Numerous studies have shown that trees growing in water-scarce areas have smaller LA (Bryukhanova and Fonti, 2013; Pellizzari et al., 2016; Pacheco et al., 2018) and thinner CWT (Pellizzari et al., 2016). However, several other studies have shown the opposite (Eilmann et al., 2011; Dario et al., 2013). These apparently contrasting results demonstrate that the response of trees to drought is complex, and the obtained findings should be treated with caution, considering other complementary data. Declining tree showed a decrease in LA and CWT after 2009 (when droughts were more frequent and severe). A decrease in CWT was also observed for healthy trees, but it was not statistically significant (p > 0.05). The decrease of LA (and so potential hydraulic conductivity, which is strongly dependent on the vessel size) in the case of the declining group highlights the role of the hydraulic conditions of the trees in the decline phenomenon (Fig. 4A). Differences in the anatomical structure of healthy and declining trees (affected by drought) are also reported by other studies (Pacheco et al., 2016, 2018; Pellizzari et al., 2016; Puchi et al., 2021; Niccoli et al., 2023). Pellizzari (2016), similarly to us, observed a decrease in LA in declining trees compared with healthy trees. The author justified this difference with genetic predisposition factors, as the changes were observed several decades before the droughts that caused extinction and mortality. This hypothesis is in accordance with our results, since a decrease in the LA of a declining tree was observed at least 5 years before the severe drought in 2015 (Fig. 6). Further confirmation is found in the fact that we observed similar changes in the case of CWT.

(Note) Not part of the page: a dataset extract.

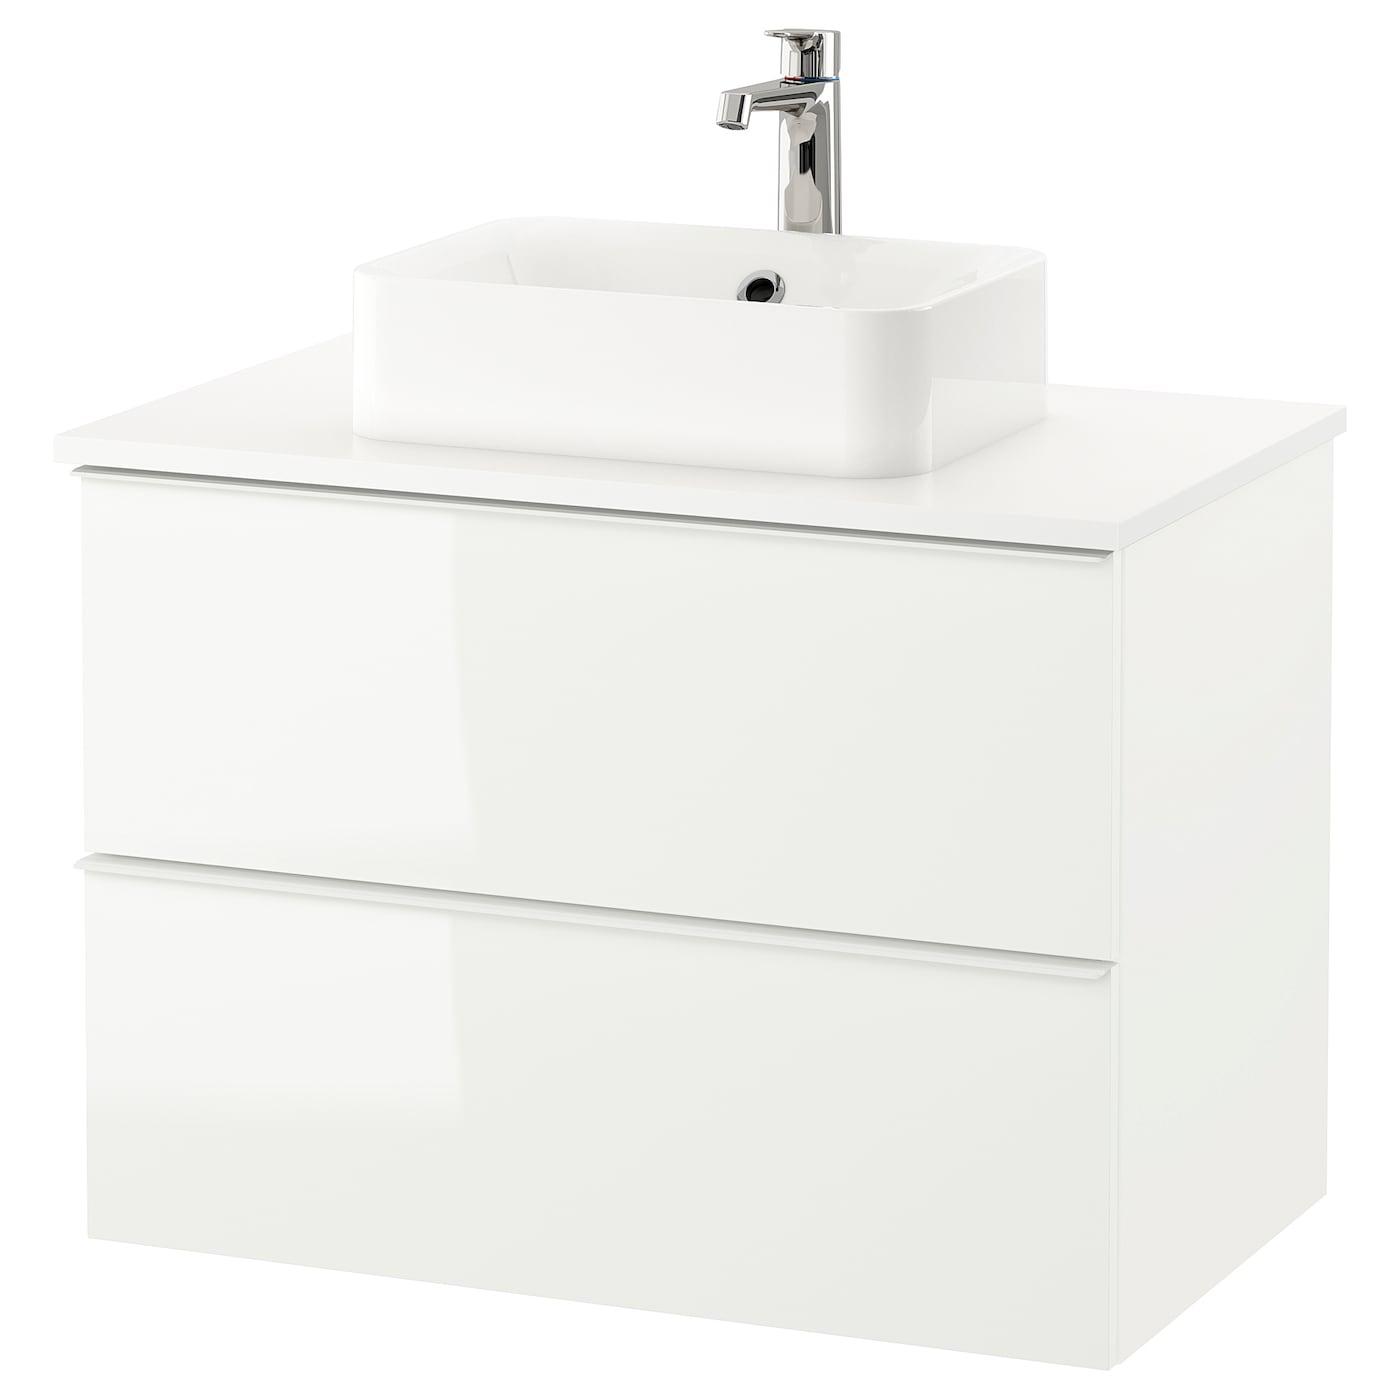 Feuille Stratifié Blanc Brillant godmorgon/tolken / hÖrvik meuble lavabo av lav à poser 45x32 - brillant  blanc, blanc mitigeur lavabo brogrund 82x49x72 cm

Our research shows that dendrochronology and quantitative wood anatomy analysis are useful tools for identifying differences in the structure and sensitivity of healthy and declining trees. All observed changes (in RWI, LA, CWT) occurred in trees several years before they were exposed to the stress factor (serious drought in 2015). This leads to the hypothesis that declining trees were genetically predisposed to greater susceptibility to vulnerability in case of unfavourable conditions. Conducting similar analyses on healthy trees could allow to identify early warning signals of weaker trees and take preventive silvicultural measures to reduce mortality in forests (Bunn, 2010).